Monday, July 13, 2009

My Wife, Myself and the Prince of Wales Hospital

(Our continuing adventures at the Prince of Wales Hospital)

I am no stranger to hospitals having inhabited several of them myself, on one occasion it was for a period of two months. At one time or another I have broken both legs, crushed my right foot in a motorcycle accident, broken fingers, most of my toes and my nose, three times. Therefore, I am no stranger to pain, distress and blood, both my own and that of others.

In the late 90s I worked part time as a Dive Master and as such had to undergo Medic First Aid training; at one time I was even a MFA instructor. It was while I was working as a Dive Master that one of the novices under my care managed to hit himself over the head with a scuba tank. It was quite fascinating and it all happened so fast I am unsure, to this day, how he actually did it. At the time I was tempted to ask him to do it again so that I could see how it had happened, but I didn’t think he would appreciate the request. Fortunately it was a minor scalp wound but like all scalp wounds it bled profusely. Since then I have assisted accident victims on numerous occasions without any squeamishness or trouble on my part. It is therefore a problem for me when I become completely unglued when dealing with the staff at the Prince of Wales Hospital.

My readers will know from my previous work that my wife, Quirina, is a dialysis patient. A few weeks ago 'Rina phoned me from the hospital to say that she was unwell and asked if I would pick her up after her dialysis exchange. I duly did so and took her home where, she told me that she was going to have an early night. It was the following morning that 'Rina complained of chest pains and I immediately took her to the hospital. This is where things started to go wrong and I have come to realise that there is some mystical, perhaps esoteric juxtaposition in the relationship between 'Rina, myself and the Prince of Wales Hospital.

The journey from our home to the hospital is one that we have made countless times. We found a taxi outside the village and I gave the driver the location in Cantonese. “Wai yee see”, (The Prince of Wales Hospital) and “yat lao”. Yat lao technically translates as 1st floor but where hospitals are concerned is a euphemism for Accident & Emergency (which are always on the ground floor so that ambulances can offload patients quickly and efficiently). It never occurred to me that this driver didn’t know that and on arrival at the hospital he took us up the vehicular ramp to the 1st floor. I then had to virtually carry 'Rina through the lift lobby down to A & E where I sat her down on a chair at the triage station and then went to complete the admission procedure. There was only one reception window open and before me was an ambulance attendant who was registering on behalf of an accident victim he has just brought in. Apparently the poor victim was unconscious and therefore unable to assist with any of the usual questions. All the attendant had was the fellow’s identity card; there was no proof of address and no contact details for the next of kin, all vital information to the procedure. Meanwhile there was 'Rina sitting in the triage station clutching her chest.

Finally it was my turn. Having been through this so many times I knew exactly what was required. I presented 'Rina’s identity card and $100, the admission fee for local residents. Nothing more was required because they already had her records in their computer.
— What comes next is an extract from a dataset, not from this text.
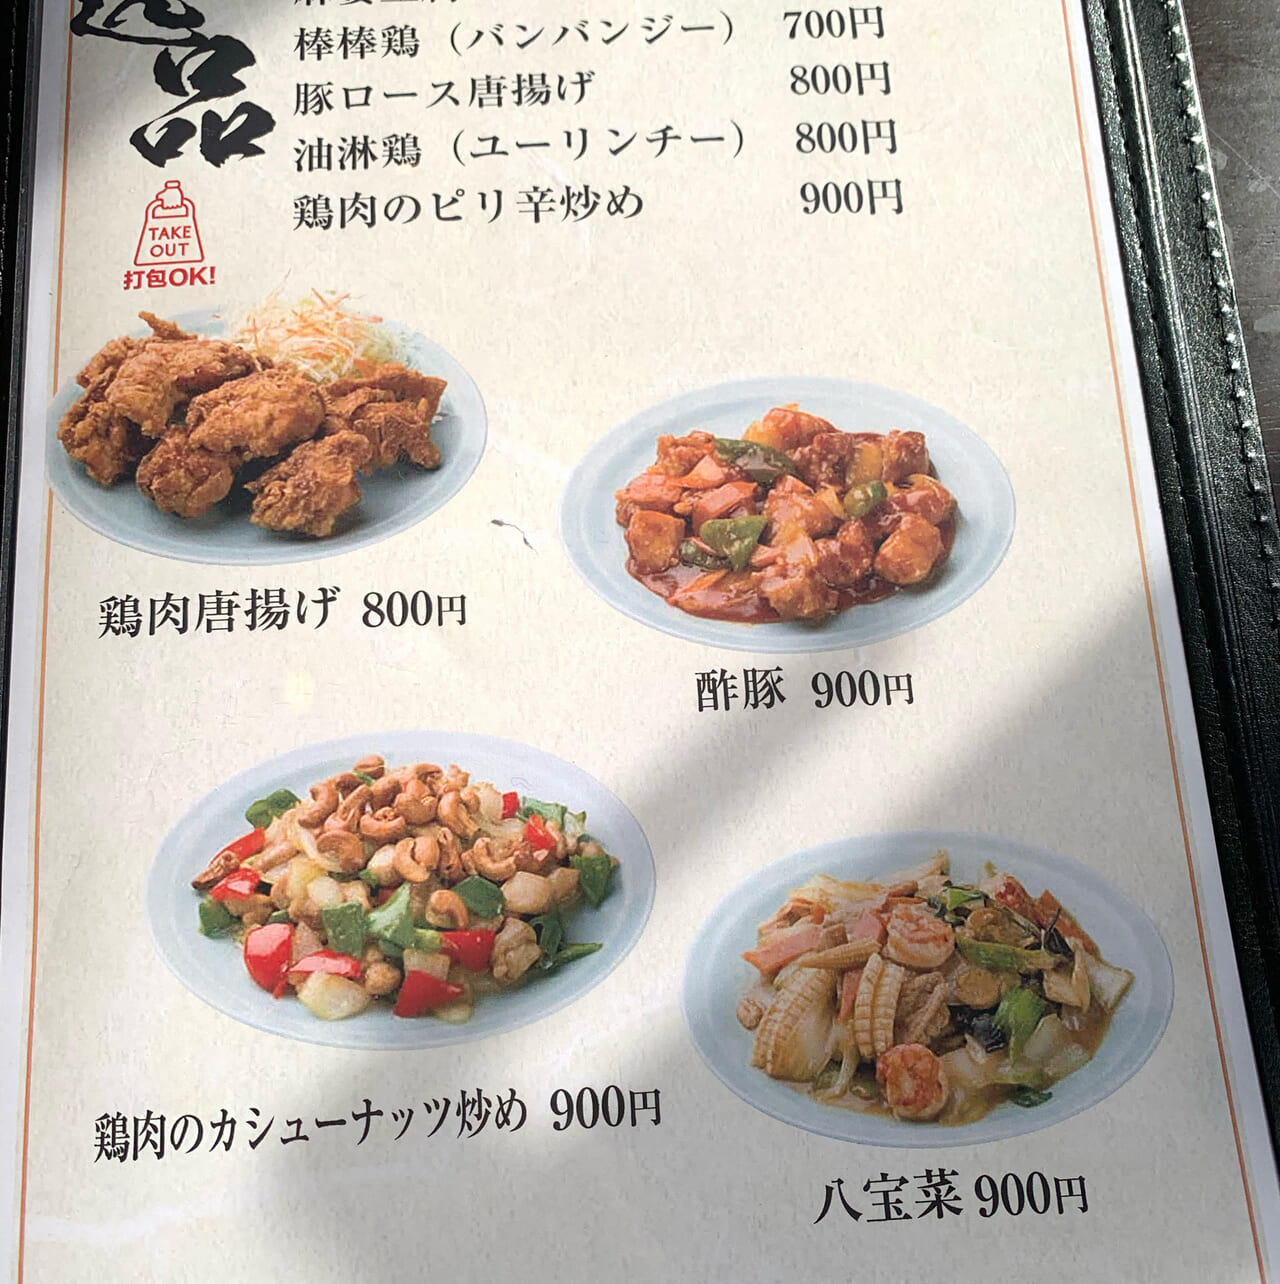 東村の中華料理屋シルクロードが店名を「潯陽」と名前を変えてオープンしています!!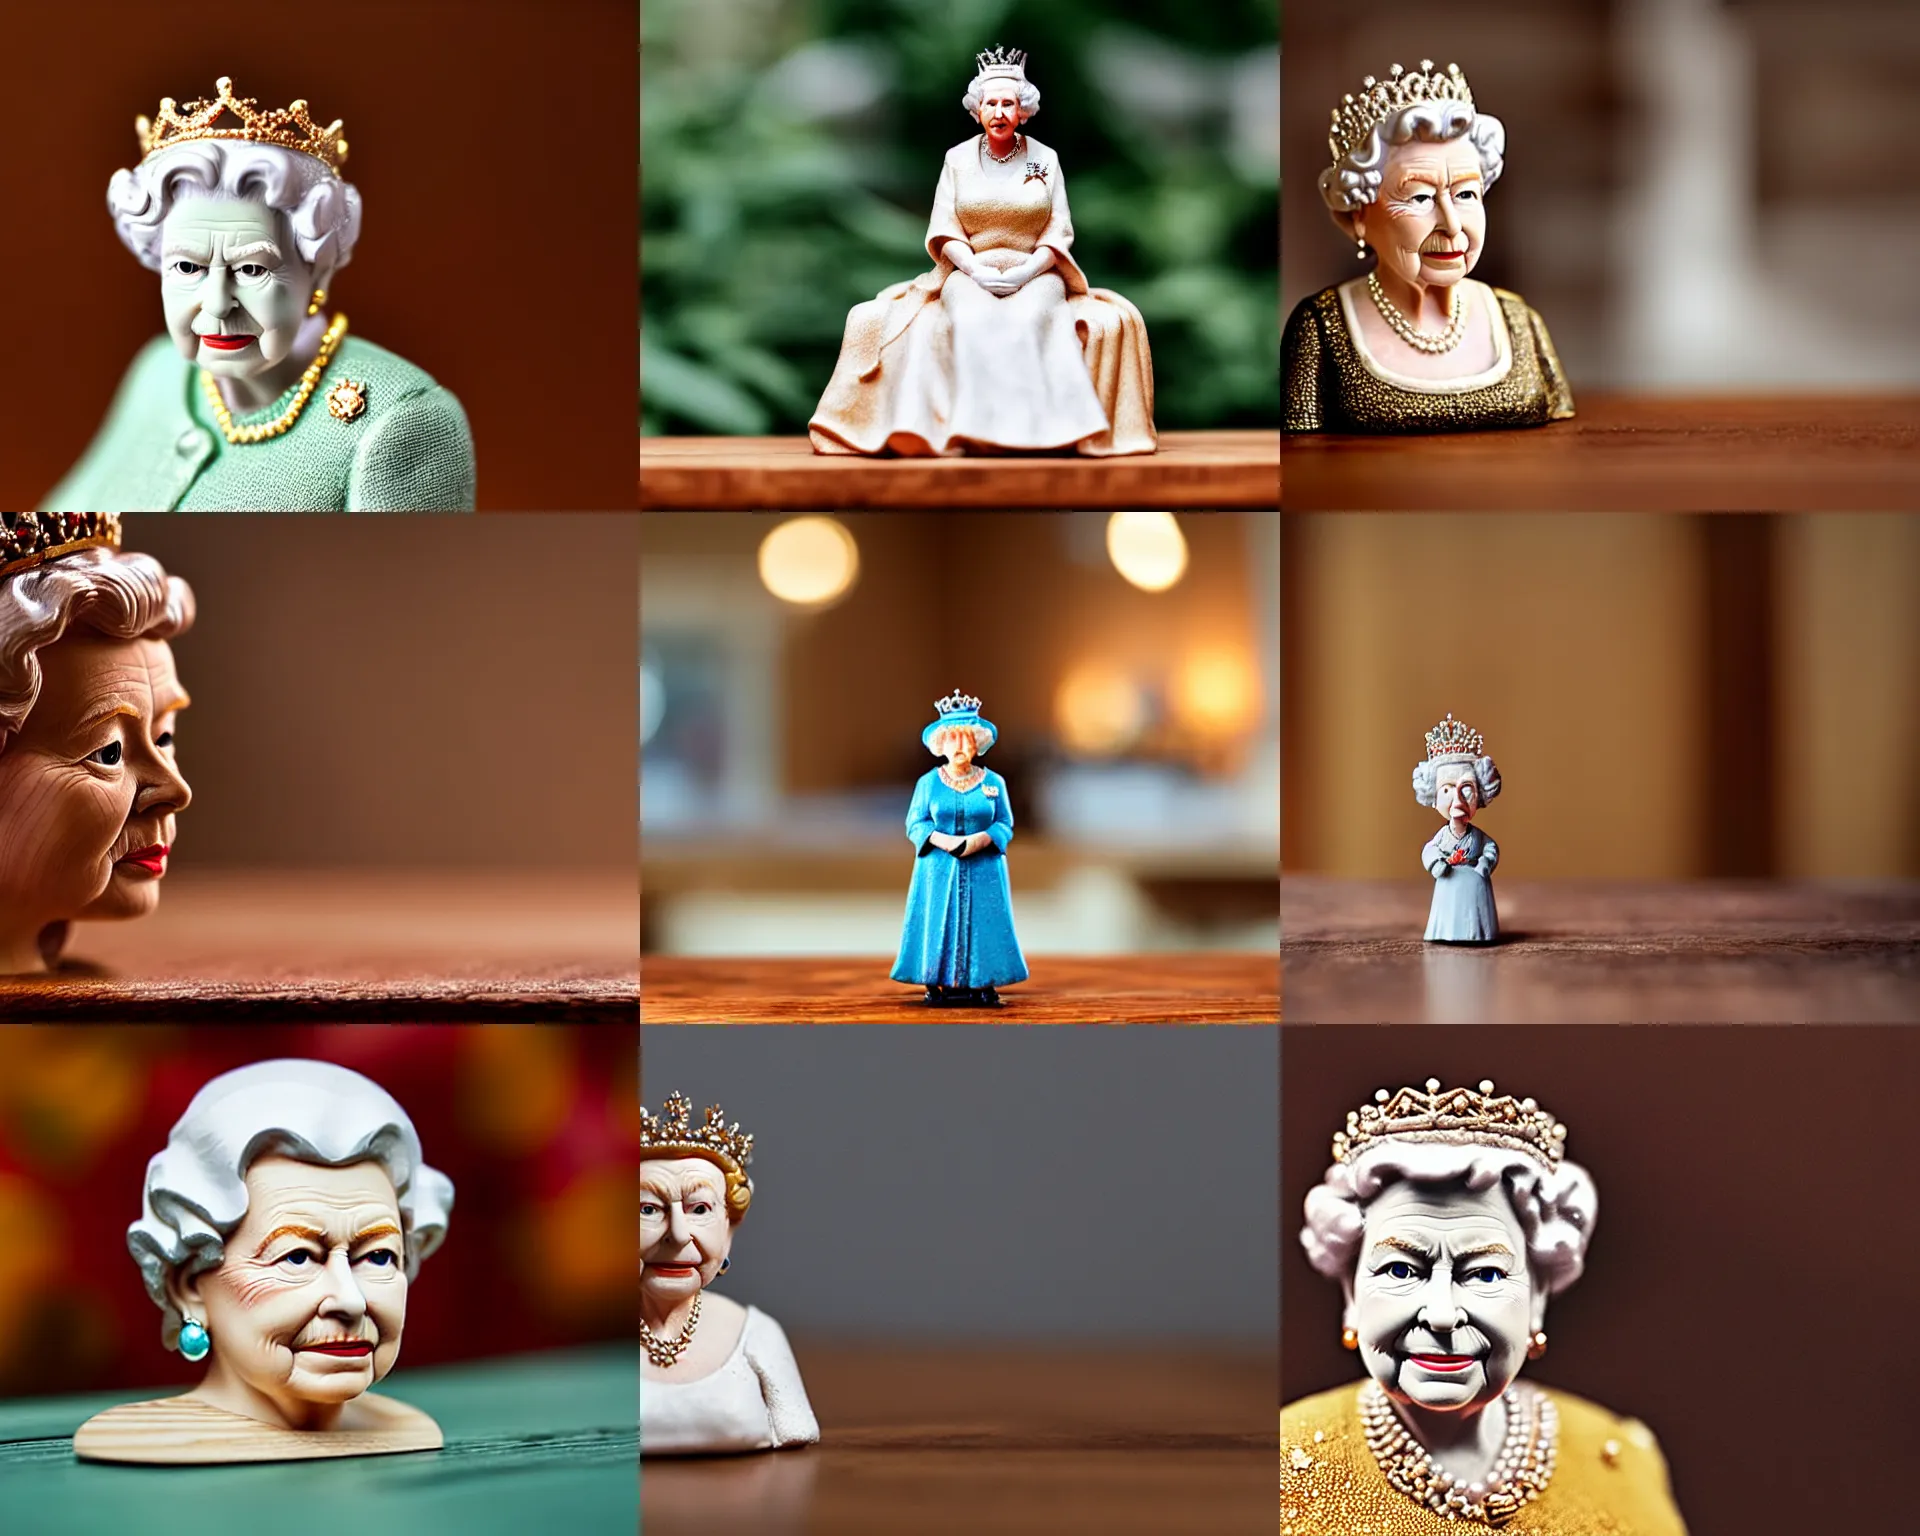 Prompt: queen elizabeth figurine by Pixar sad bokeh on wooden table.

Just to be on the safe side, however, the clerk asked me the usual questions about address and telephone.

Now you have to remember that here we were in the Accident & Emergency area of a hospital, my wife was at the triage station in full view of the admission desk, obviously in distress, and I was hopping from one foot to the other waiting for something to be done. It was at that point in time that the clerk asked me, “Do you want to see a doctor?”

I was silent for a moment, unable to be sure that I had actually heard the question. Several responses came to mind, for example: no, I’d like a pint of beer and a packet of crisps, or, no, I’d like a Big Mac and French Fries. Eventually however, my response came in the form of a question that was aphoristic in nature and I will leave the reader to imagine what it might have been. The clerk turned pale and handed me the paperwork.

'Rina went through triage in record time. As soon as they found that she was suffering chest pains they pulled out all the stops and she was seen within moments by the house doctor. She was X rayed, had an ECG, blood samples were taken and she was warded within less that 30 minutes. 'Rina was good hands. I, on the other hand, was a blithering wreck.

1 comment:

Private Beach said...

As the diver concerned, may I say that I'm not sure how it happened either!